Altogether 982 NSCLC patients had PD-L1 staining results available for the current analyses (supplementary Table S1, available at Annals of Oncology online). For these patients, the median follow-up was 5.3 years [range: 0.25–11.28] with 457 (46.5%) deaths and 520 (53.0%) events. The cohort had more males (72.6%) and T2 (76.1%), N0 (51.0%) patients, but had comparable proportions of squamous carcinoma and adenocarcinoma. However, 14% of patients were classified as other (not squamous or adenocarcinoma) NSCLC. EGFR mutation was found in 35 of the 300 (11.7%) adenocarcinoma patients successfully assayed, while KRAS mutation prevalence was at 33.0% (127/385) in adenocarcinoma. The characteristics of these 982 patients did not differ from 626 patients excluded because of lack of tissue or unsuccessful PD-L1 assessment, except for WHO PS (P ≤ 0.001), T-stage (P ≤ 0.001), and N-stage (P = 0.01) (supplementary Table S2, available at Annals of Oncology online). Excluded patients had more N0 tumors, WHO PS = 0.

PD-L1 IHC

Among the 982 patients, 314 (32.0%), 204 (20.8%), and 141 (14.3%) had TC of ≥1%, ≥25%, and ≥50%, respectively. For IC, 380 (38.7%), 308 (31.4%), and 148 (15.1%) had ≥1%, ≥10%, and ≥25%, respectively (supplementary Table S3, available at Annals of Oncology online).

Association of PD-L1 expression and clinical pathological factors

PD-L1 expression for TC and IC were not significantly associated in both univariate and multivariable analyses with sex, age, WHO PS, type of surgery, T and N of TNM, and stage, except for univariate N stage for IC 1% (supplementary Table S4, available at Annals of Oncology online).

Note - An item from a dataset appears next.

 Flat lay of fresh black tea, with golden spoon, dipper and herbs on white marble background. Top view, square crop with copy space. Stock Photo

PD-L1 TC expression at all three cut-offs was significantly more prevalent in squamous than adenocarcinoma (univariate analysis). Similarly, significantly higher expression in squamous carcinoma also was observed for IC infiltrate at 1% and 10% cut-offs. Higher TC expression was noted in poorly differentiated NSCLC including large cell/adenosquamous/pleomorphic/sarcomatoid carcinomas (supplementary Table S4, available at Annals of Oncology online), but lower expression in large cell neuroendocrine carcinoma. Among adenocarcinoma subtypes, solid predominant tumors demonstrated significantly higher PD-L1 TC staining than other adenocarcinoma subtypes, for TC cut-offs 1%, 25%, and 50%, and IC at 1% and 10% (supplementary Table S5, available at Annals of Oncology online). Marked or intense tumor lymphocytic infiltration correlated marginally with greater frequency of PD-L1 expression on TC only in univariate analysis and significantly on IC in a multivariable analyses.

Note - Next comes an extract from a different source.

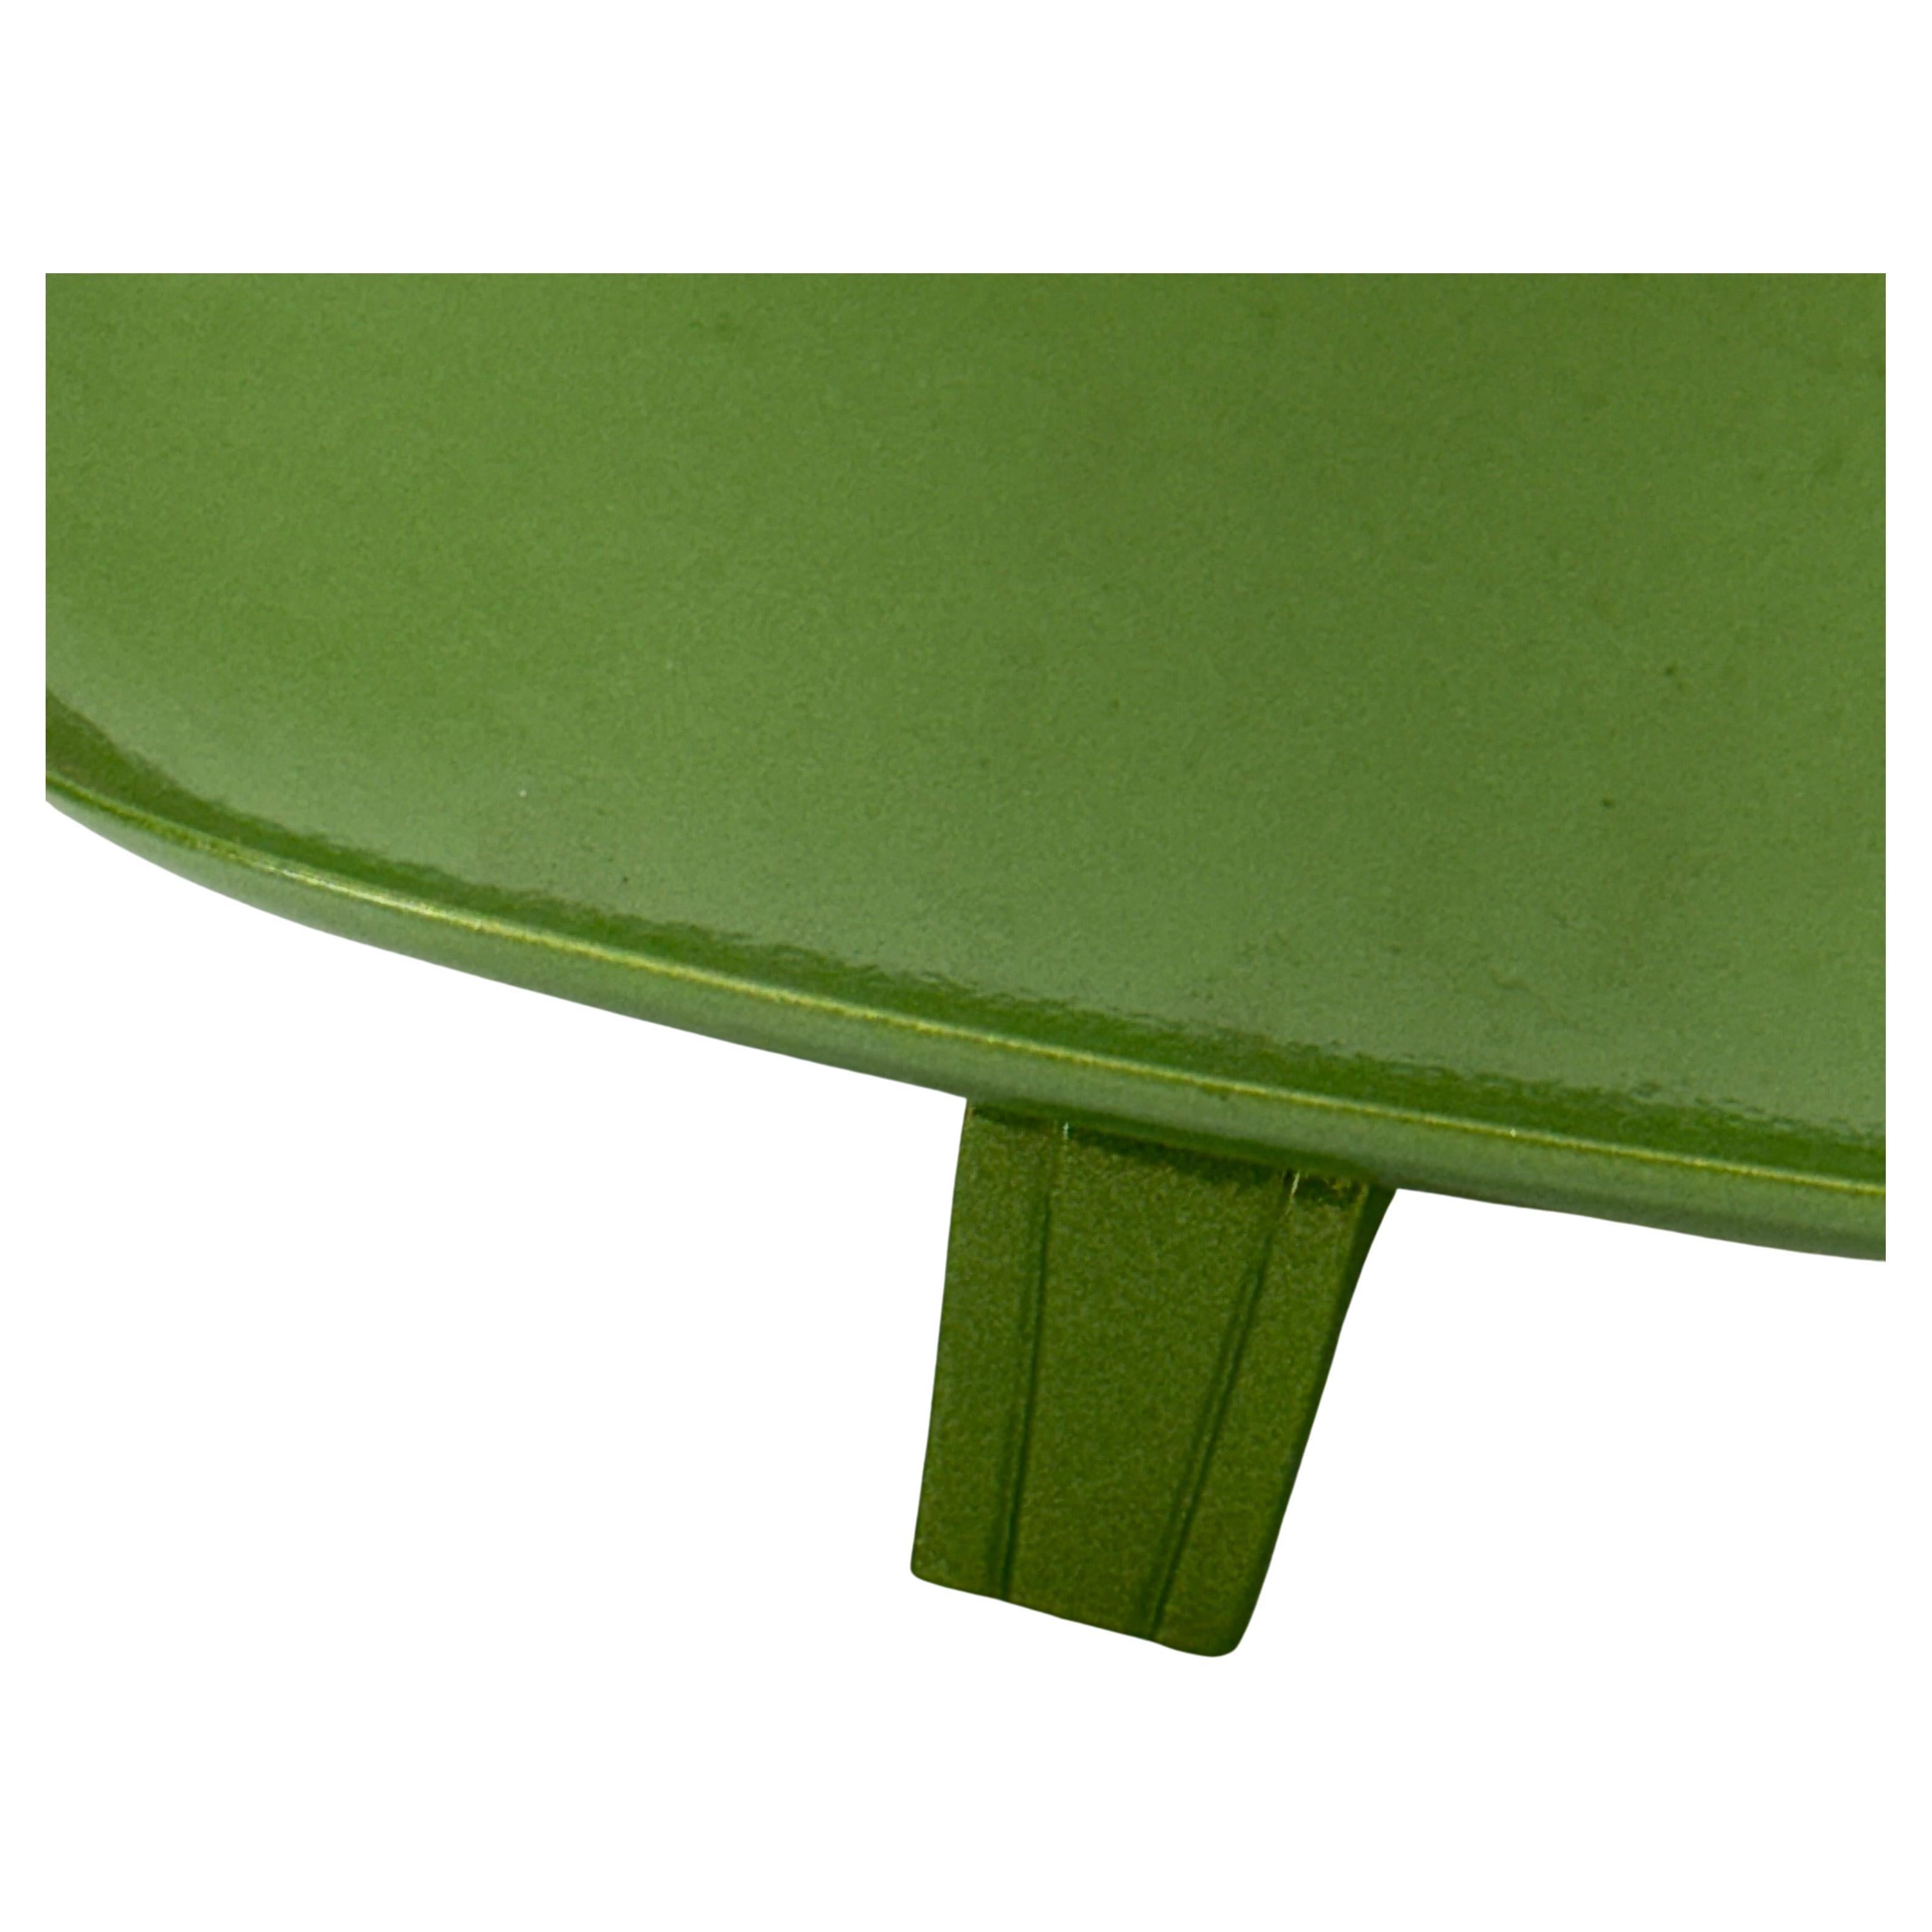 Hand-Crafted Mid-Century Modern Powder-Coated Leafy Green Metal Tray or Dish For Sale

Association of PD-L1 expression and EGFR, KRAS and TP53 mutation

TC and IC PD-L1 staining was lower in EGFR mutant compared with wild-type (WT) adenocarcinoma, although the differences were not significant (supplementary Table S4, available at Annals of Oncology online). Conversely, KRAS mutant tumors showed significantly higher frequency of tumor PD-L1 expression (1% and 25%) compared with WT KRAS in multivariable analyses (see footnote of supplementary Table S4, available at Annals of Oncology online). PD-L1 staining was not significantly different between TP53 mutant and WT NSCLC.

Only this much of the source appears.